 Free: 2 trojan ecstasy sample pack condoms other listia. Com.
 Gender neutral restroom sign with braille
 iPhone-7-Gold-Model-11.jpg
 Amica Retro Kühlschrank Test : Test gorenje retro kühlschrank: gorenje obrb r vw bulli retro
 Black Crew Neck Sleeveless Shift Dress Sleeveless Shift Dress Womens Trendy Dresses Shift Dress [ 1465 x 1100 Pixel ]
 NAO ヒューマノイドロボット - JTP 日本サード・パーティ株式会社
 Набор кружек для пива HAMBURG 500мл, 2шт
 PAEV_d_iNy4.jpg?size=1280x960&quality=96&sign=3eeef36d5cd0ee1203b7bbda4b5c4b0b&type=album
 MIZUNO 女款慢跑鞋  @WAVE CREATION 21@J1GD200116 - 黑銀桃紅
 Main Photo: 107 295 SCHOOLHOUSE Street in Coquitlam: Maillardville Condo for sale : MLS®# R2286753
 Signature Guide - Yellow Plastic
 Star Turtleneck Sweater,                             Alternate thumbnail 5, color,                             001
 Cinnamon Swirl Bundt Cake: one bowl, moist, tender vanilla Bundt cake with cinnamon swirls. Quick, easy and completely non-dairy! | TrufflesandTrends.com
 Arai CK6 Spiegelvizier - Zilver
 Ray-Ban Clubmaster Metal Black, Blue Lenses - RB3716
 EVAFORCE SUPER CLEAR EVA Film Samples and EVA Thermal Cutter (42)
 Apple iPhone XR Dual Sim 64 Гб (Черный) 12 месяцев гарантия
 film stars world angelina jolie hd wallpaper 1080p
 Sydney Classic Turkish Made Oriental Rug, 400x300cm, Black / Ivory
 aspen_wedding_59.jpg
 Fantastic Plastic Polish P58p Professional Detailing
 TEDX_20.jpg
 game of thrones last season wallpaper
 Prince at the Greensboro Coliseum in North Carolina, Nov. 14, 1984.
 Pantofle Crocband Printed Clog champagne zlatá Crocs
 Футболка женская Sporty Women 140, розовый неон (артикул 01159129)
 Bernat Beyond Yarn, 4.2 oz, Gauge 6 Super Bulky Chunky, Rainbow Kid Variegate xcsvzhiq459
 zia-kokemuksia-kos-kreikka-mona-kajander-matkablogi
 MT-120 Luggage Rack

## [WHAT NEEDS TO BE DONE]
Restate word for word only the lines running from the beginning of the data to the line holding "Набор кружек для пива HAMBURG 500мл, 2шт", both included.

## [TASK ANSWER]
 Free: 2 trojan ecstasy sample pack condoms other listia. Com.
 Gender neutral restroom sign with braille
 iPhone-7-Gold-Model-11.jpg
 Amica Retro Kühlschrank Test : Test gorenje retro kühlschrank: gorenje obrb r vw bulli retro
 Black Crew Neck Sleeveless Shift Dress Sleeveless Shift Dress Womens Trendy Dresses Shift Dress [ 1465 x 1100 Pixel ]
 NAO ヒューマノイドロボット - JTP 日本サード・パーティ株式会社
 Набор кружек для пива HAMBURG 500мл, 2шт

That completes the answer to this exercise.